= Geneva Revolution of 1782 =

Short-lived revolution in the Republic of Geneva

The Geneva Revolution of 1782 (La révolution genevoise de 1782) was a short-lived revolutionary attempt to broaden voting rights and include men of modest means in the republican government of the oligarchic Republic of Geneva.

==Background==

In 1782, the constitution of the Republic of Geneva, a small Swiss city-state, limited the franchise to 1,500 well-to-do male burghers, (upper middle class citizens, mostly merchants) About 5,000 lower middle-class "natives"—male Genevans born to long-standing Geneva families—lived in the city but were excluded from voting or serving in office. These men worked as artisans and craftsmen in various trades, principally watchmakers. Also excluded from the franchise were a larger number of "habitants": residents whose roots lay in the republic but outside the city, or whose families had immigrated to Geneva from elsewhere.

For two decades, the city's politics had opposed the Négatifs, who supported the traditional aristocratic and oligarchical governance by a closed corporation, to the Représantants of more democratic views.

==Course of events==
Agitation for a broader franchise had been ongoing for years; on 5 February 1781, unenfranchised men, both "habitants" and "natives", broke into the municipal armory and armed themselves. In response, the General Council of Geneva, the largest of the city's legislative bodies, voted to grant voting rights to 100 "natives" and 20 "habitants". The select legislative body, the Genevan Small Council, baulked at ratifying this token offer of enfranchisement, stalling for over a year before, in April 1782, voting to block it.

Within hours of the vote, revolutionaries occupied the City Hall, closed the city gates, held the "no voters" (i.e. Négatifs) hostage, and convinced the Representatives of the General Council to support them. A commission de sûreté was set up, headed by Étienne Clavière and Jacques-Antoine Duroveray.

The city's wealthy burghers countered by involving powers of the ancien régime. Charles Gravier, comte de Vergennes decided to extinguish the Geneva Revolution, despite France's concurrent support for the Patriots of the American Revolutionary War, and also for the Patriottentijd in the Netherlands.

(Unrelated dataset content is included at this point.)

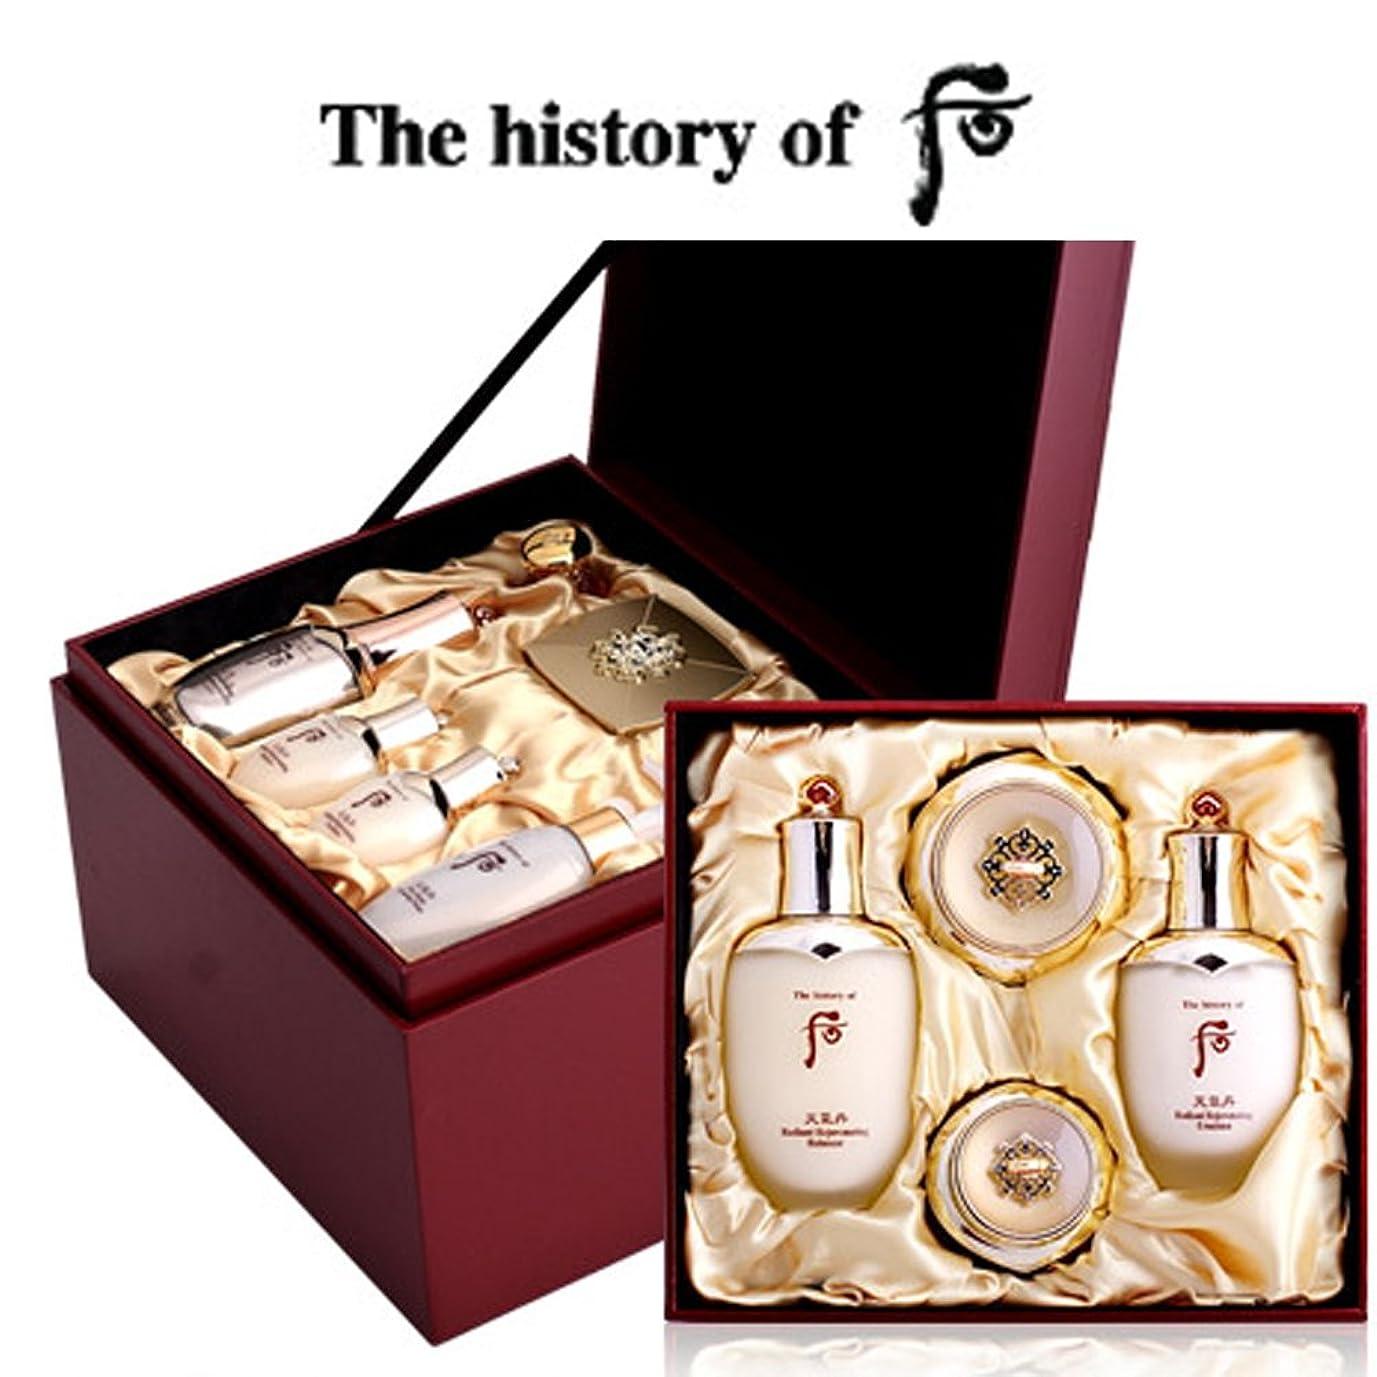 レビュー直面する市の中心部【フー/The history of whoo] 天気丹 王侯(チョンギダン ワンフ) セット/Chonghi Dan Queen Special Set+[Sample Gift](海外直送品)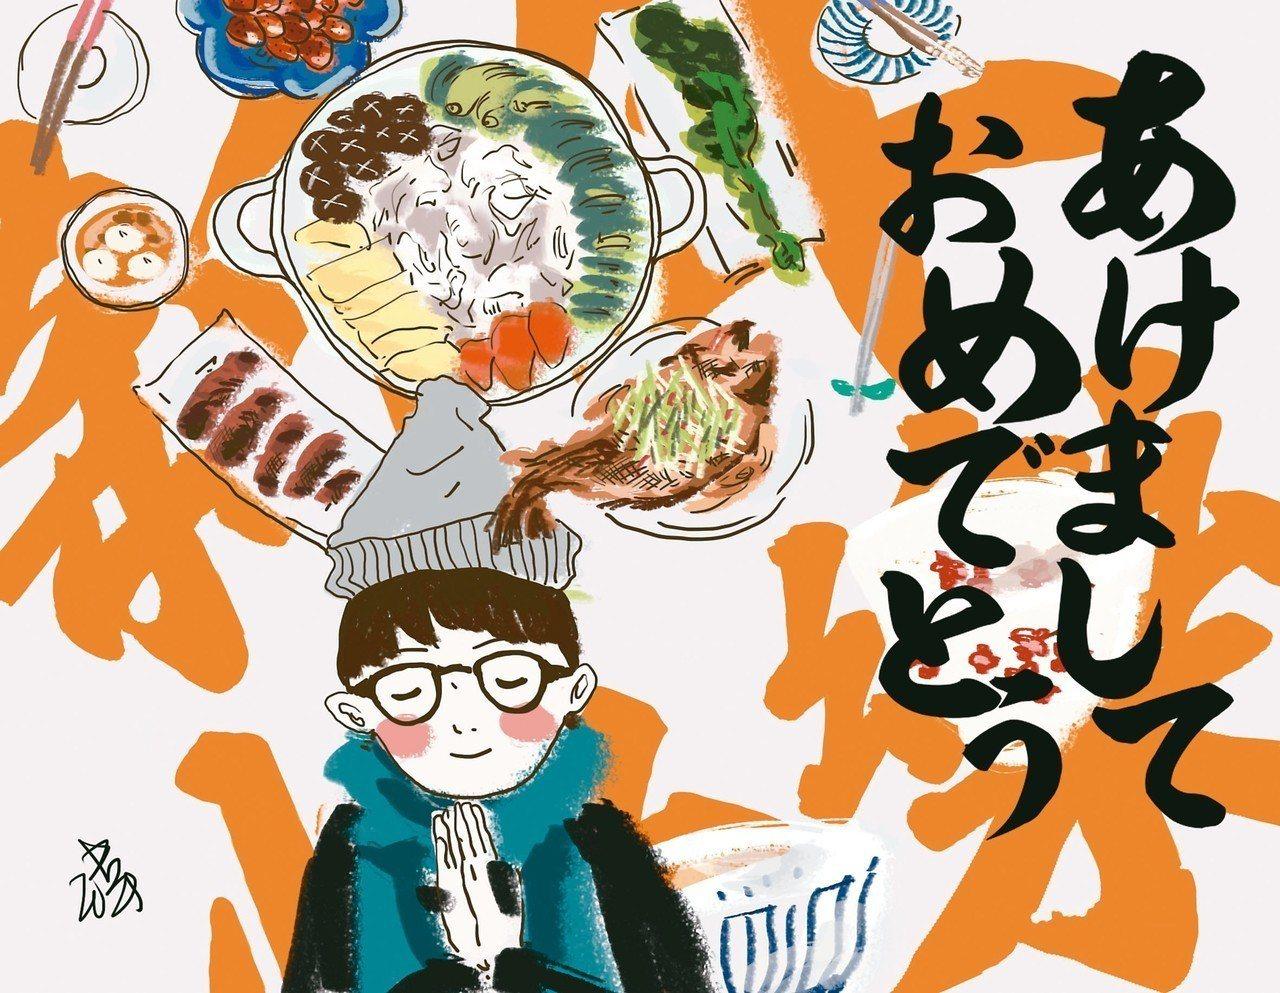 我的東京家人日本的過年是一月,台灣的過年是二月。當日本過年時,機票貴,機艙擠...

The Kingdom of France, the canton of Bern, and the Kingdom of Sardinia sent professional troops. The city was returned to government by the burgher élite.

==Aftermath==
The revolutionary committee's leaders left across Lake Geneva, and in June 1782, formal banishment was enacted against 21 prominent supporters. A larger selection, some 500, departed from the city. A group of leading exiles settled first at Neuchâtel. They were expelled later in the year, as disruptive, through the influence of Frederick the Great. Some went to Ireland and set up a colony in 1784, at Waterford. However, this colony did not bear fruit; the Genevans insisted that they govern themselves under their own laws but should be represented in the Irish parliament. The New Geneva barracks date from this period. Many moved on to Paris.